Metered Water Use in California Translates to Water Conservation

Published on June 4th, 2009 | by

In 2004, California Governor Arnold Schwarzenegger, enacted a law that required meters to be installed on all residential and commercial properties by 2025. This was partly based on studies that showed metered customers used less water on average than those charged a flat rate.

photo by fboydWater meter in Palm Springs
Water meters help conservation efforts

Last summer, Governor Schwarzenegger signed an executive order mandating all state water utilities to take aggressive, immediate action to reduce water consumption for the remainder of 2008 and prepare for potential worsening water conditions in 2009 and beyond.

Sure enough, 2009 has showed no signs of a decrease in California’s drought conditions.

Almost a year later, California American Water, a wholly owned subsidiary of American Water is the largest investor-owned U.S. water and wastewater utility company, is accelerating its Sacramento water meter retrofit conversion program to foster conservation in response to the ongoing drought.
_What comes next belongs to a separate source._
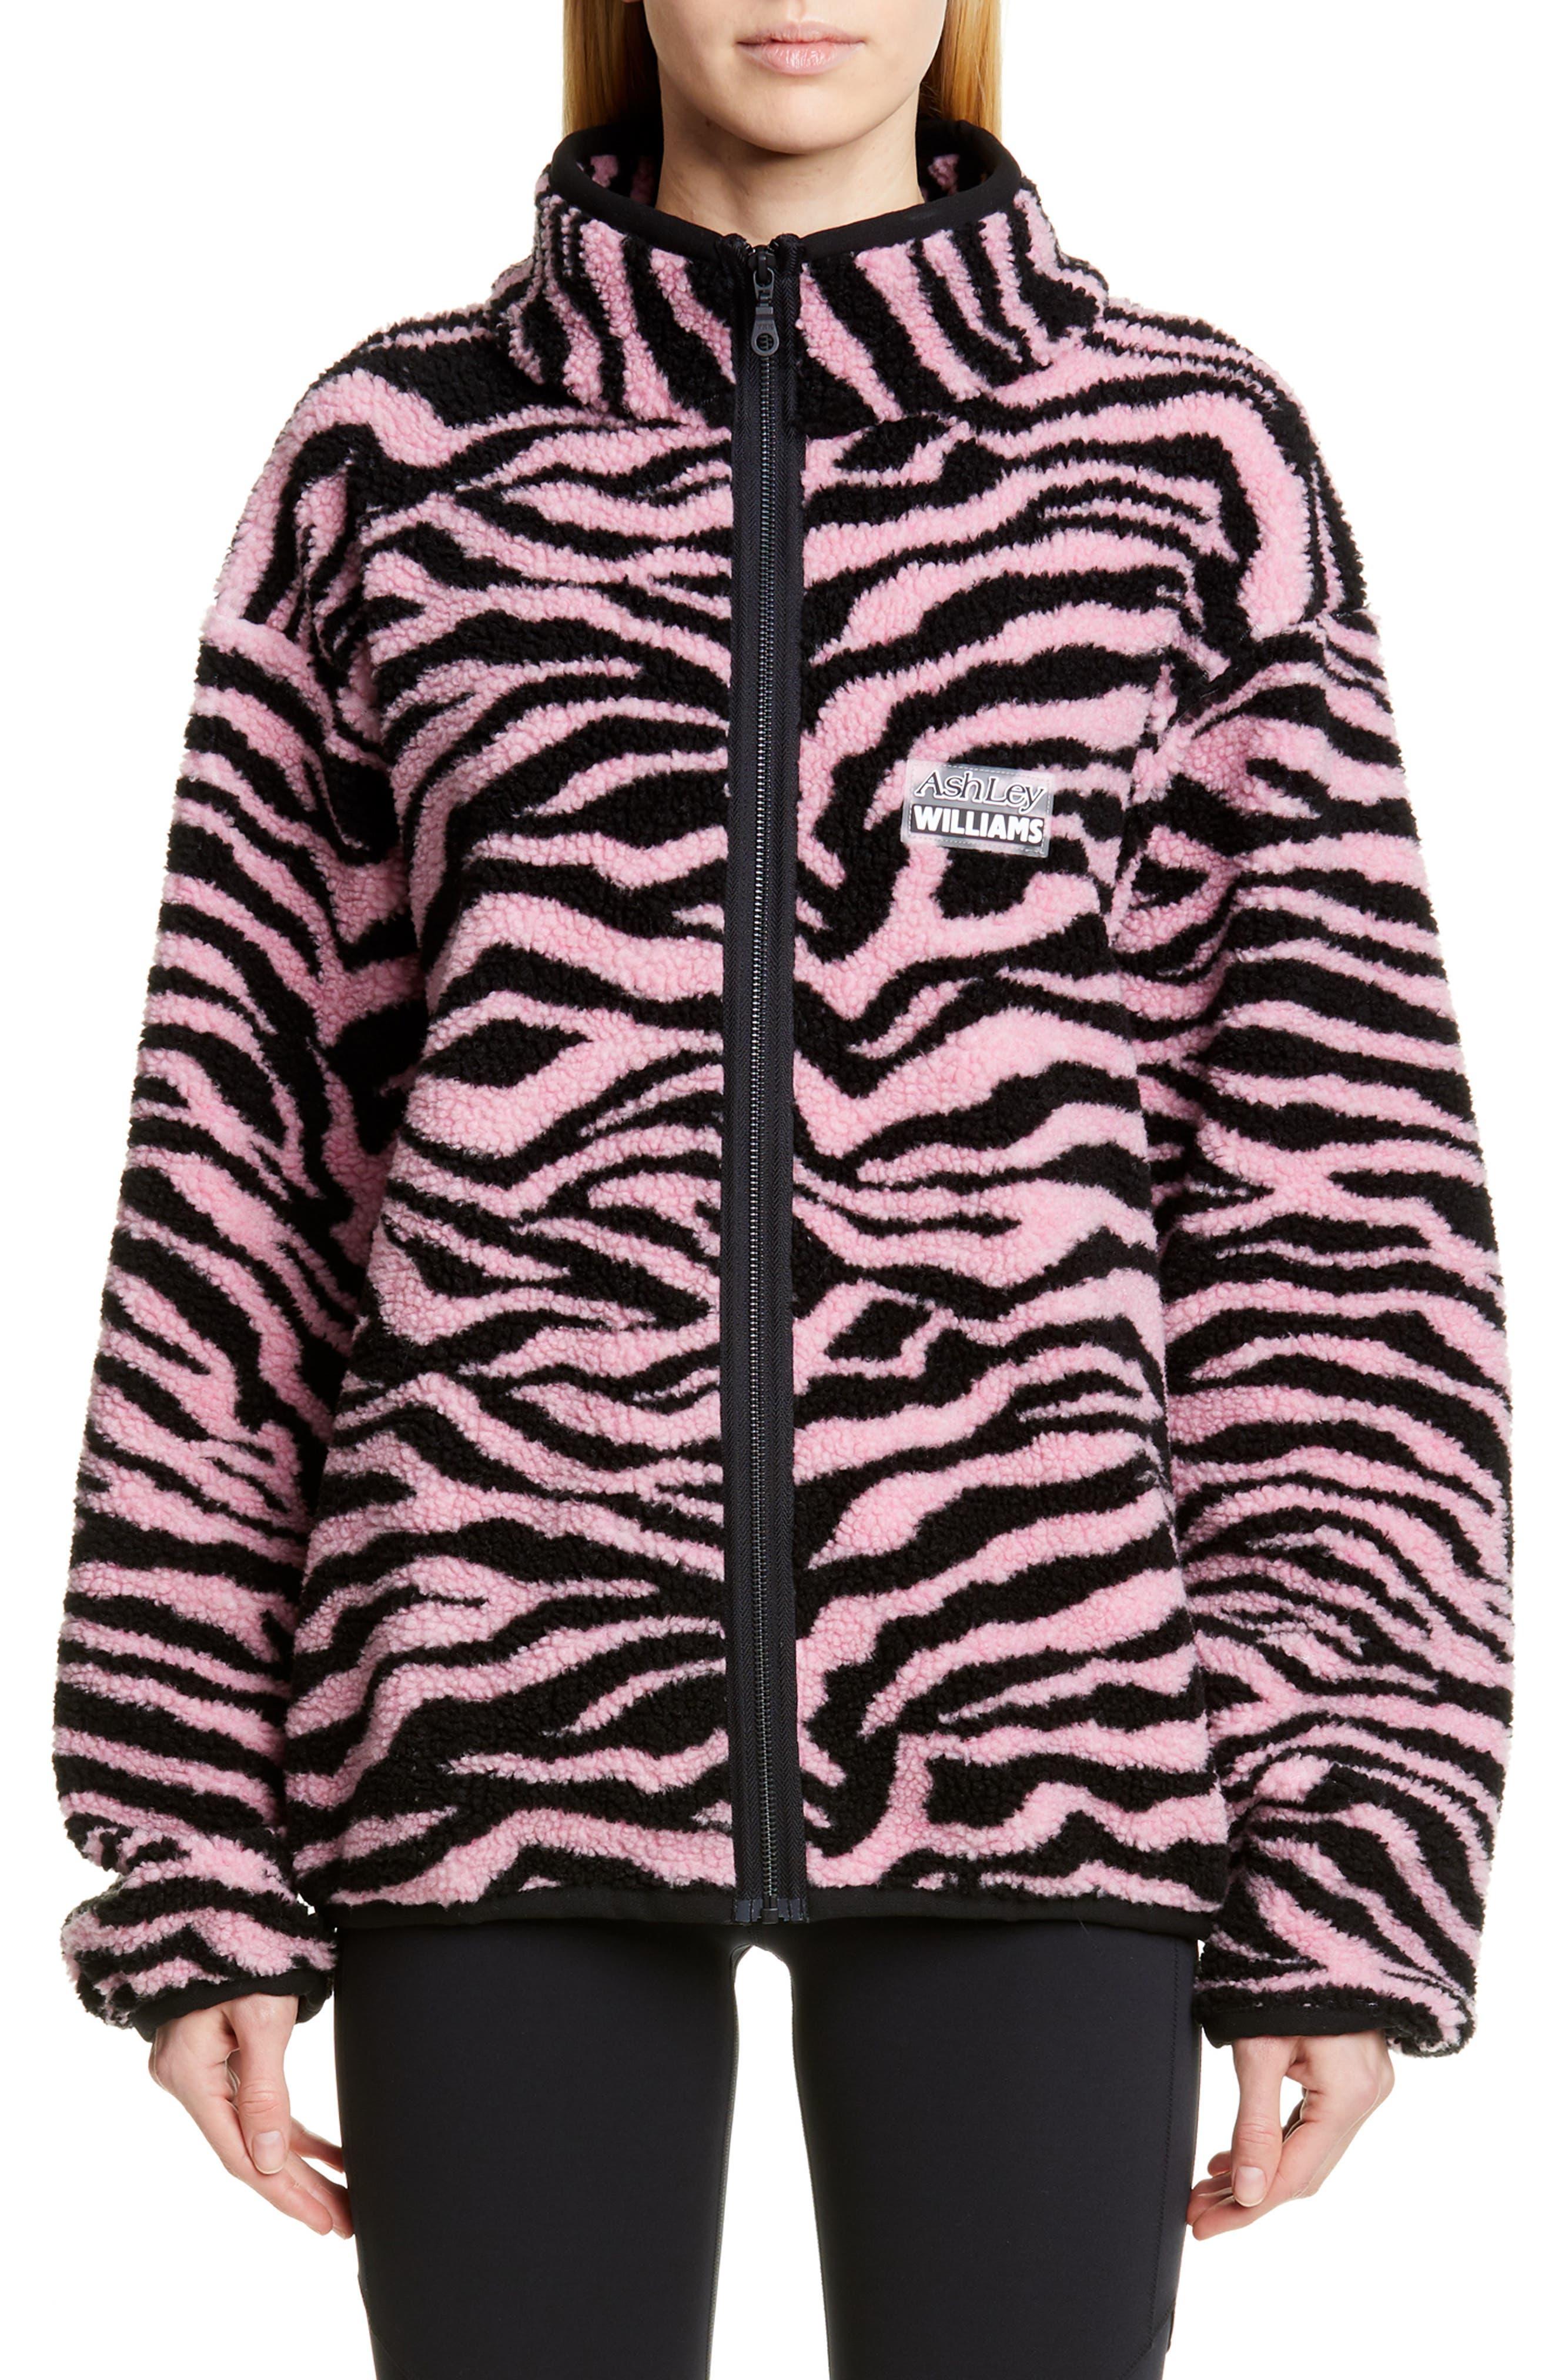 Ashley Williams Juju Tiger Print Fleece Jacket, Pink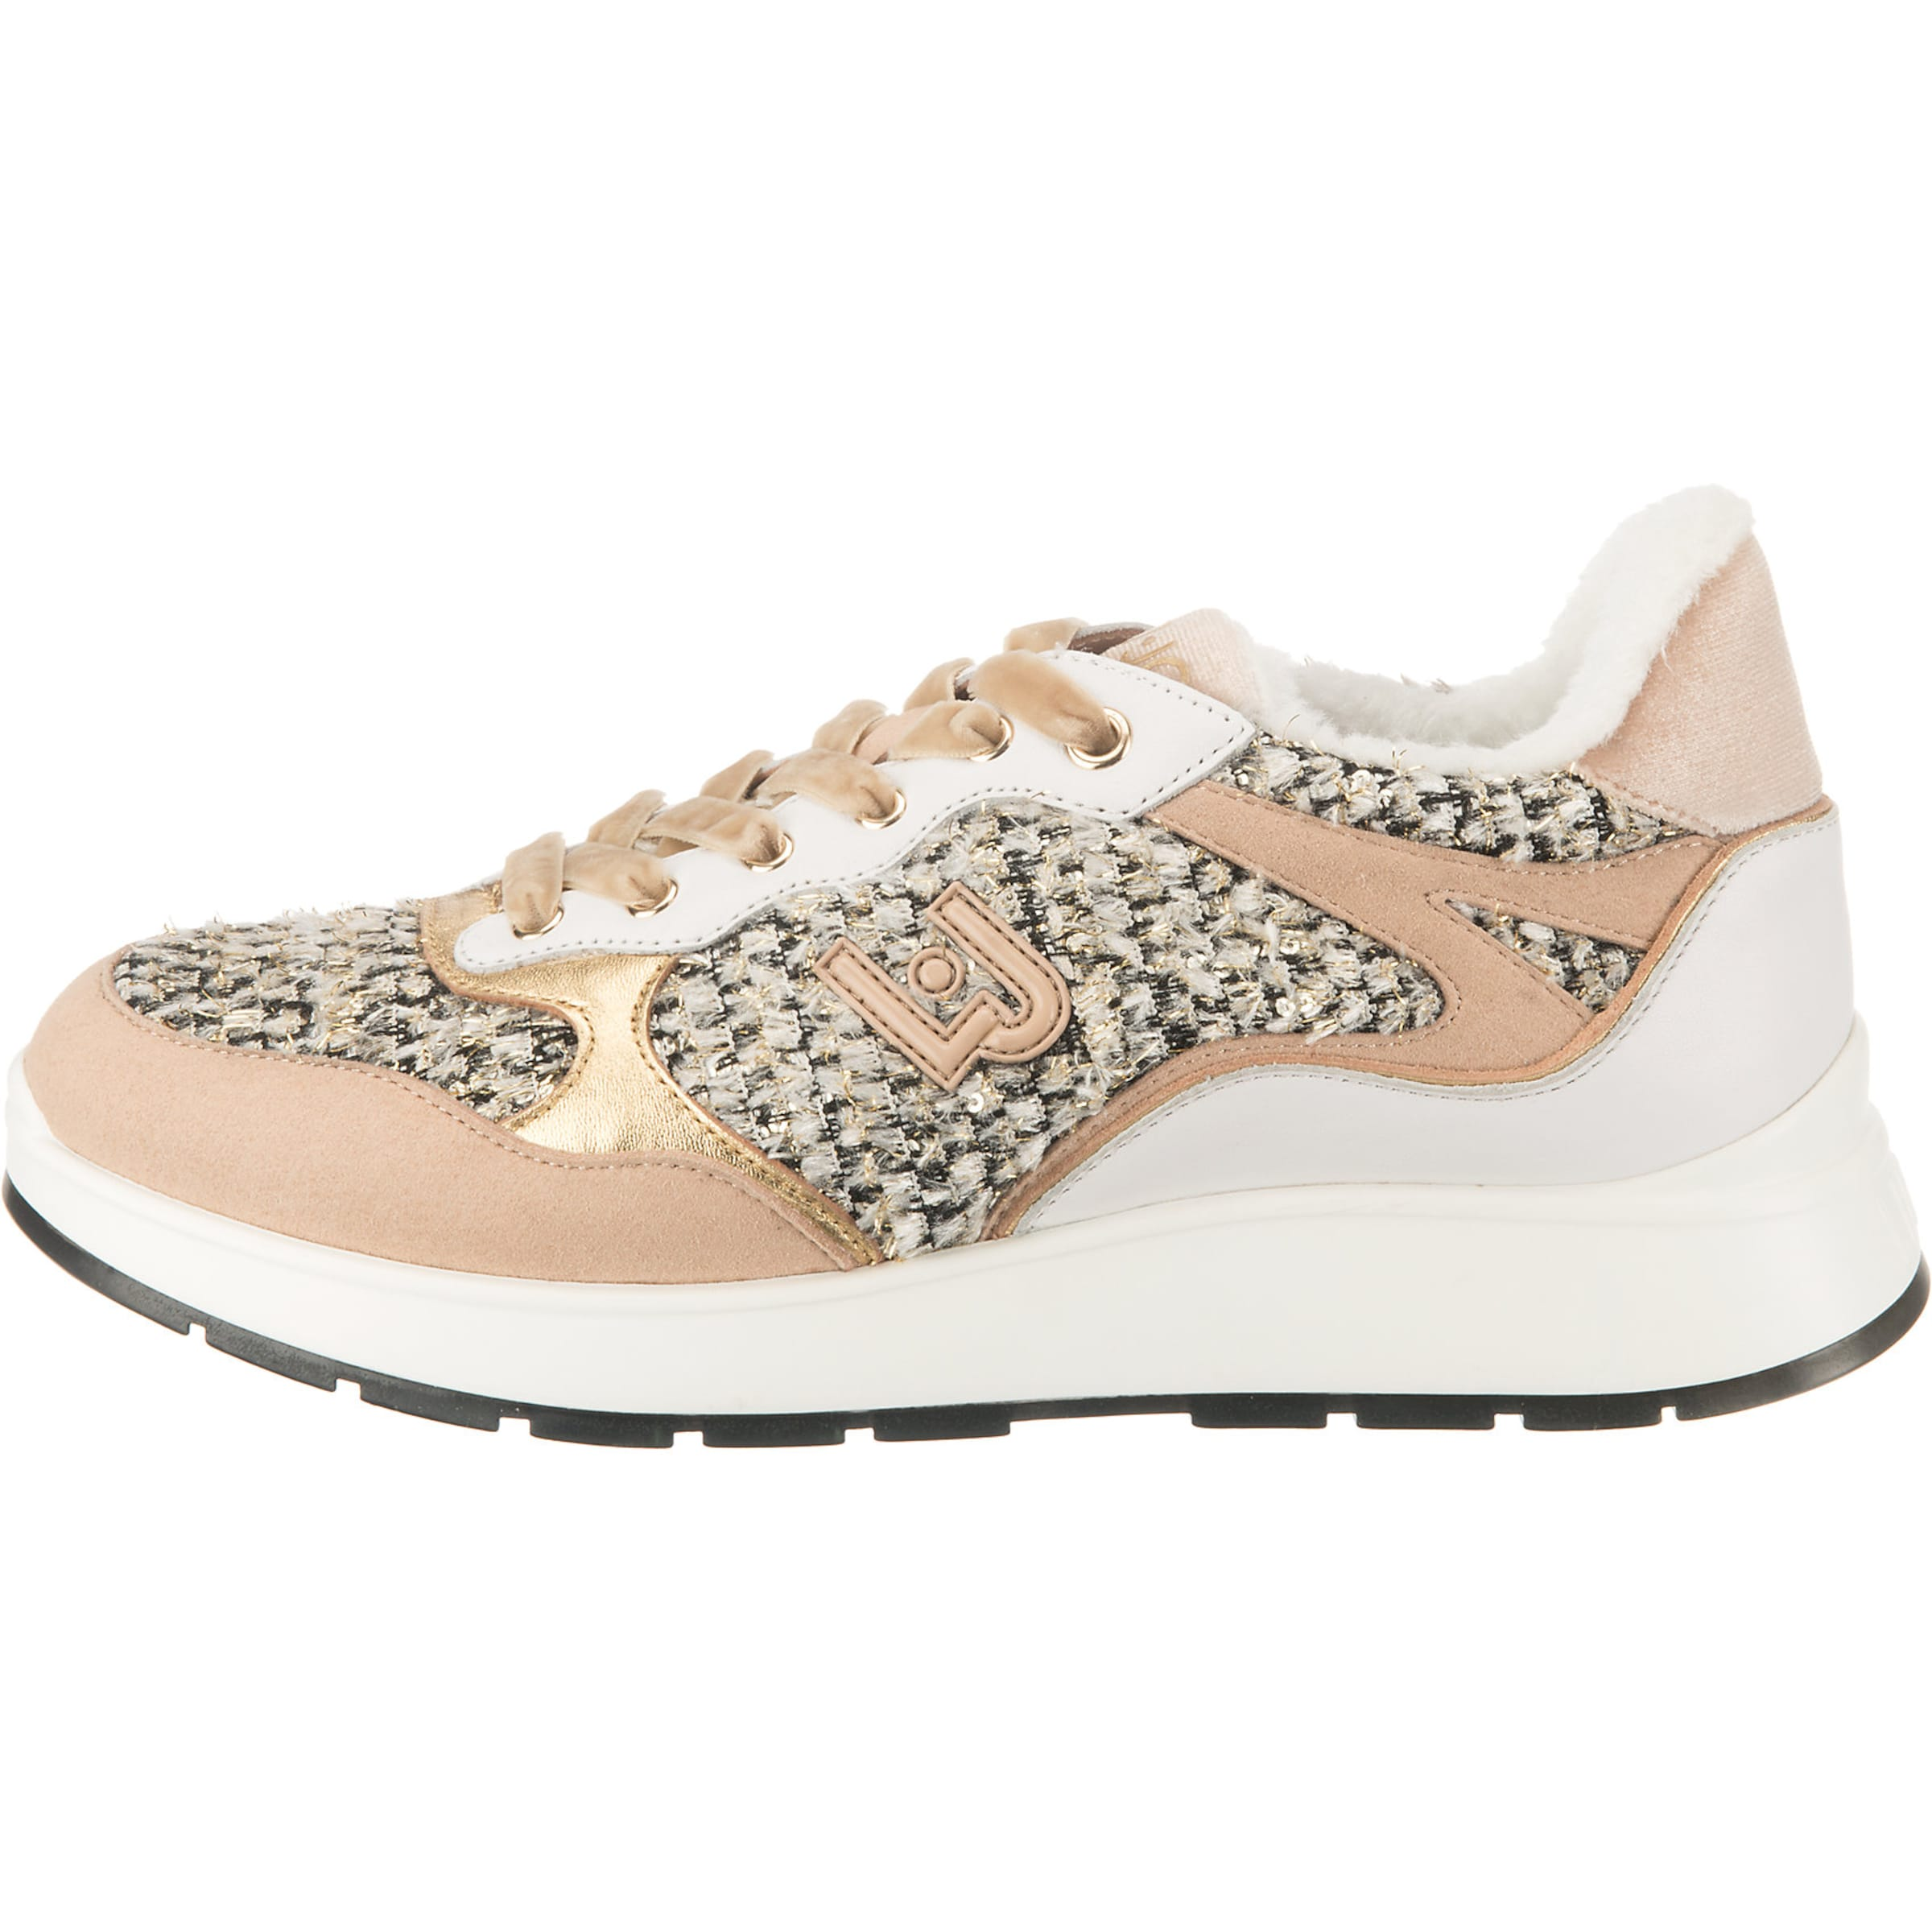 Jo Sneakers 06' GoldPfirsich Weiß Liu 'asia In tshCxQrd

California American Water plans to install meters for its remaining 29,765 flat rate customers, ending decades of unmetered water use in the region.

“Converting flat rate customers to meters encourages residents to conserve because they are charged for the actual amount of water they use,” said Andy Soule, general manager for the company’s northern California division. “Flat rate customers are charged the same amount per month regardless of their water usage. To me, it’s a fairness issue. People should pay for what they use. Metering water usage provides economic incentives to change water use habits.”

California American Water, which began retrofitting customers with meters in 2003, has since outfitted more than 20,700 of its Sacramento flat rate properties – well on track to meet the 2025 goal. However, company officials decided to accelerate the program because of the continuing drought and the Governor’s urgent call for utilities to take more immediate action.

“You can spend all the money, time and effort in the world on conservation awareness,” Soule said. “But, if you don’t have a way for customers to measure how much water they are using, it’s going to be difficult to wage a successful campaign.”

California American Water is fast tracking the program so customers can control their water usage and their costs by conserving.